Second, the focus on agentic capabilities signals where the industry is heading. GLM-5 isn't optimized for chatbot conversations or creative writing. It's optimized for doing work — running businesses, engineering software systems, managing long-horizon tasks. This is the model you'd pick to build an AI employee, not an AI assistant.
Third, the MIT License sets a new standard for open-source AI. As the most permissive license attached to a model of this scale and capability, it removes virtually every barrier to adoption. Enterprises that were hesitant about legal risk with other "open" models now have a genuinely unrestricted option at the frontier.
The message from Zhipu AI is clear: the era of open-source models being a generation behind proprietary ones is ending. And that changes everything.
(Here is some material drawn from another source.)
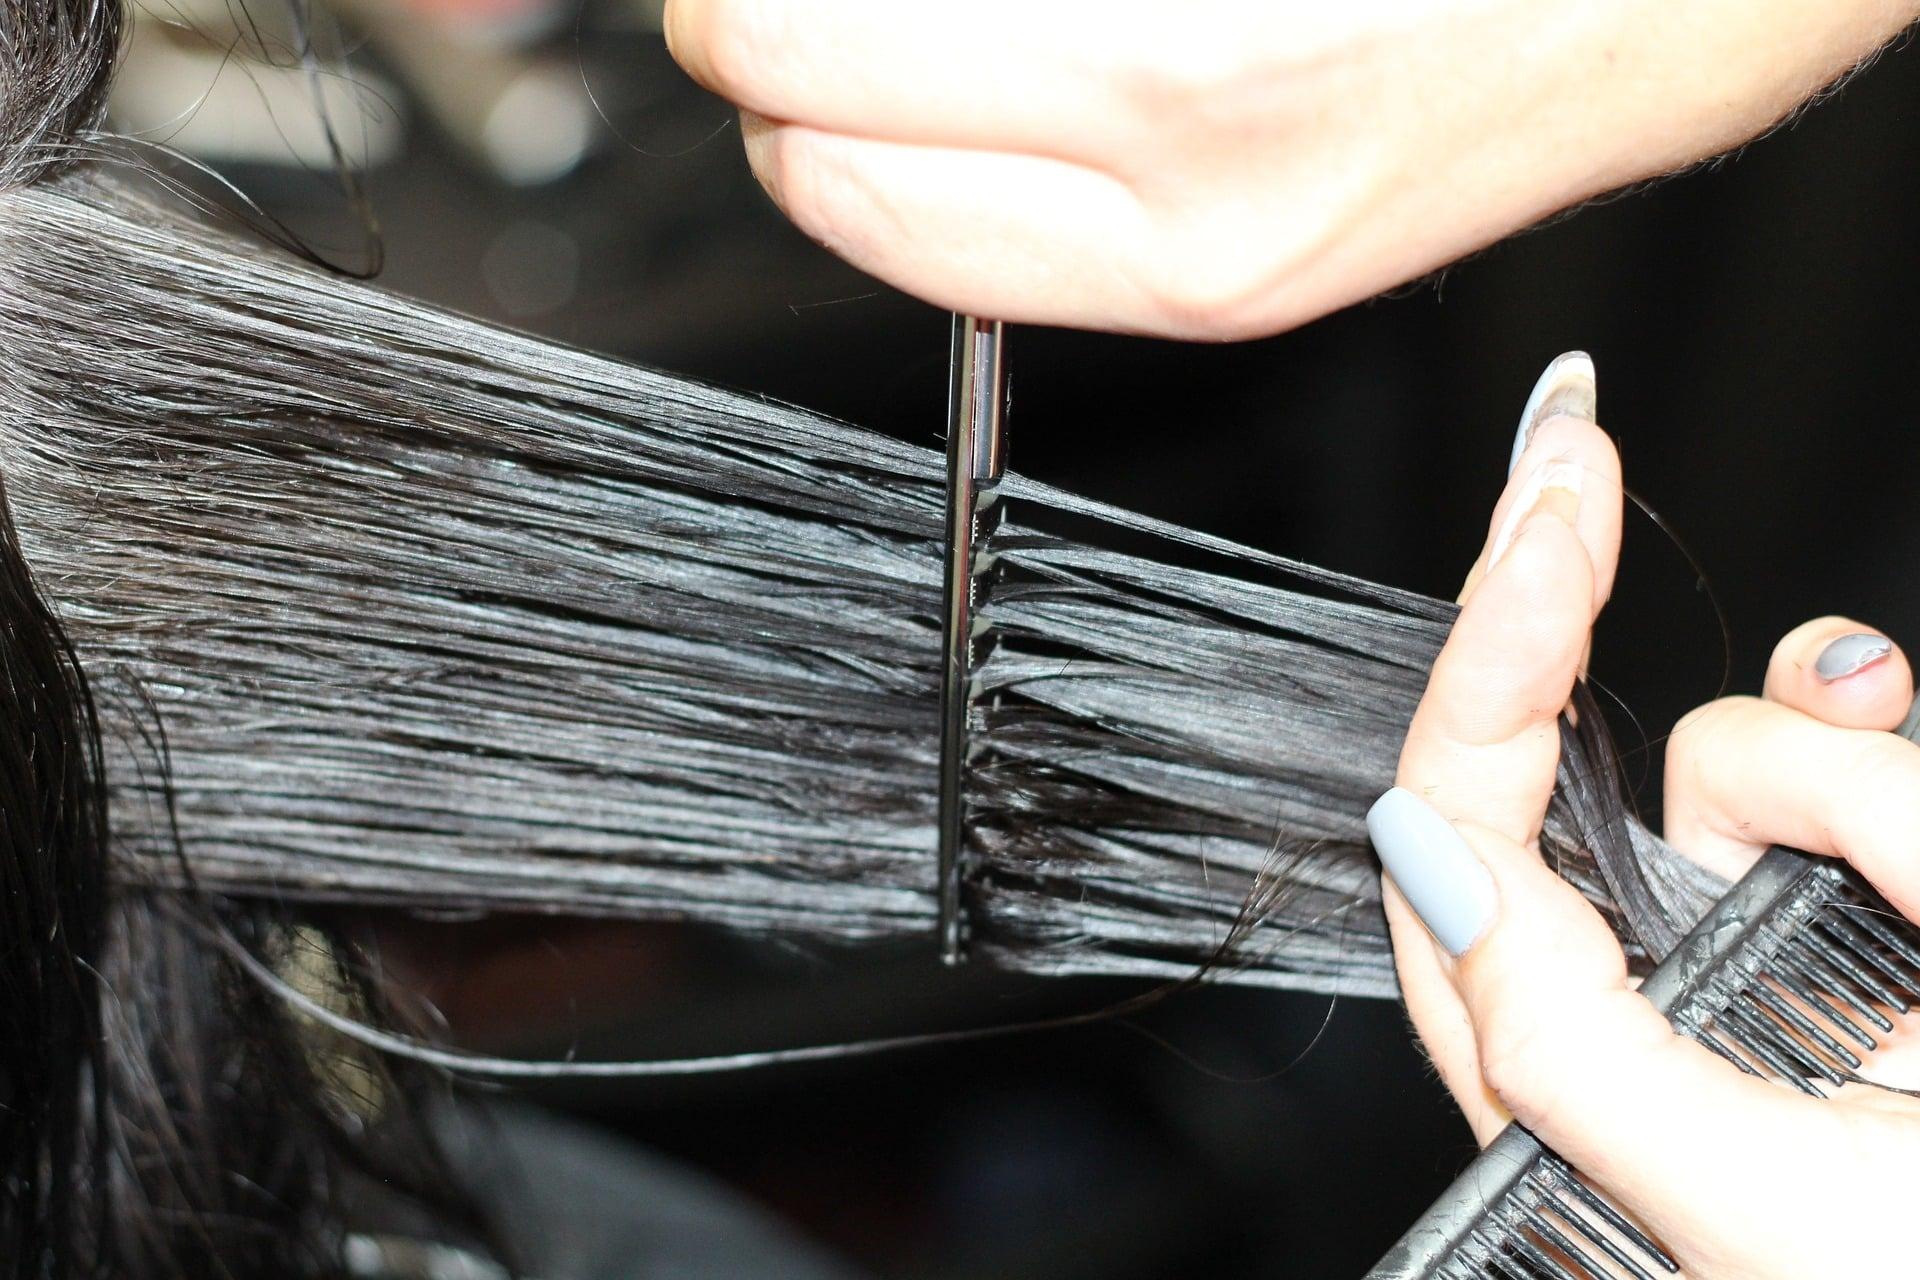 hairdressing image personal injury blog post

Frequently Asked Questions
What is GLM-5?
GLM-5 is Zhipu AI's latest and most powerful foundation model, featuring 744 billion total parameters with 40 billion active parameters in a mixture-of-experts architecture. It is designed specifically for complex systems engineering and long-horizon agentic tasks, and it is fully open-source under the MIT License.
How does GLM-5 compare to Claude Opus 4.5?
GLM-5 approaches Claude Opus 4.5 across most benchmarks. It outperforms Claude Opus 4.5 on BrowseComp (62.0 vs 37.0) and Humanity's Last Exam with tools (50.4 vs 43.4), while Claude leads on SWE-bench Verified (80.9 vs 77.8) and Vending Bench 2 ($4,967 vs $4,432). GLM-5 is the strongest open-source competitor to Claude Opus 4.5.
How does GLM-5 compare to GPT-5.2?
GLM-5 beats GPT-5.2 on several benchmarks including BrowseComp with context management (75.9 vs 65.8), Vending Bench 2 ($4,432 vs $3,591), and Terminal-Bench 2.0 (56.2 vs 54.0). GPT-5.2 leads on GPQA-Diamond (92.4 vs 86.0) and SWE-bench Verified (80.0 vs 77.8).
Is GLM-5 open-source?
Yes. GLM-5 is fully open-source under the MIT License, which is the most permissive widely-used open-source license. It allows full commercial use, modification, and redistribution with no copyleft obligations. Model weights are available on Hugging Face and ModelScope.
What is Vending Bench 2 and why does it matter?
Vending Bench 2 is a benchmark that measures an AI model's long-term operational capability by requiring it to run a simulated vending machine business over a full year. GLM-5 achieves a final balance of $4,432, ranking #1 among all open-source models and approaching Claude Opus 4.5's $4,967.
How can I try GLM-5 for free?
You can try GLM-5 for free at Z.ai in your browser with no API key required. Developers can access it through the API at api.z.ai, and model weights are available for download on Hugging Face and ModelScope.
What is the Slime RL infrastructure?
Slime is a novel asynchronous reinforcement learning infrastructure developed by Zhipu AI specifically for training GLM-5. It substantially improves RL training throughput and efficiency compared to traditional approaches, enabling more fine-grained post-training iterations that helped push GLM-5's capabilities beyond what pre-training scale alone could achieve.
What document types can GLM-5 create?
Through the Z.ai Agent mode, GLM-5 can generate end-to-end professional documents including Word files (.docx), PDFs, and Excel spreadsheets (.xlsx). It supports creating PRDs, lesson plans, exams, financial reports, menus, run sheets, and more — with proper formatting delivered as ready-to-use files.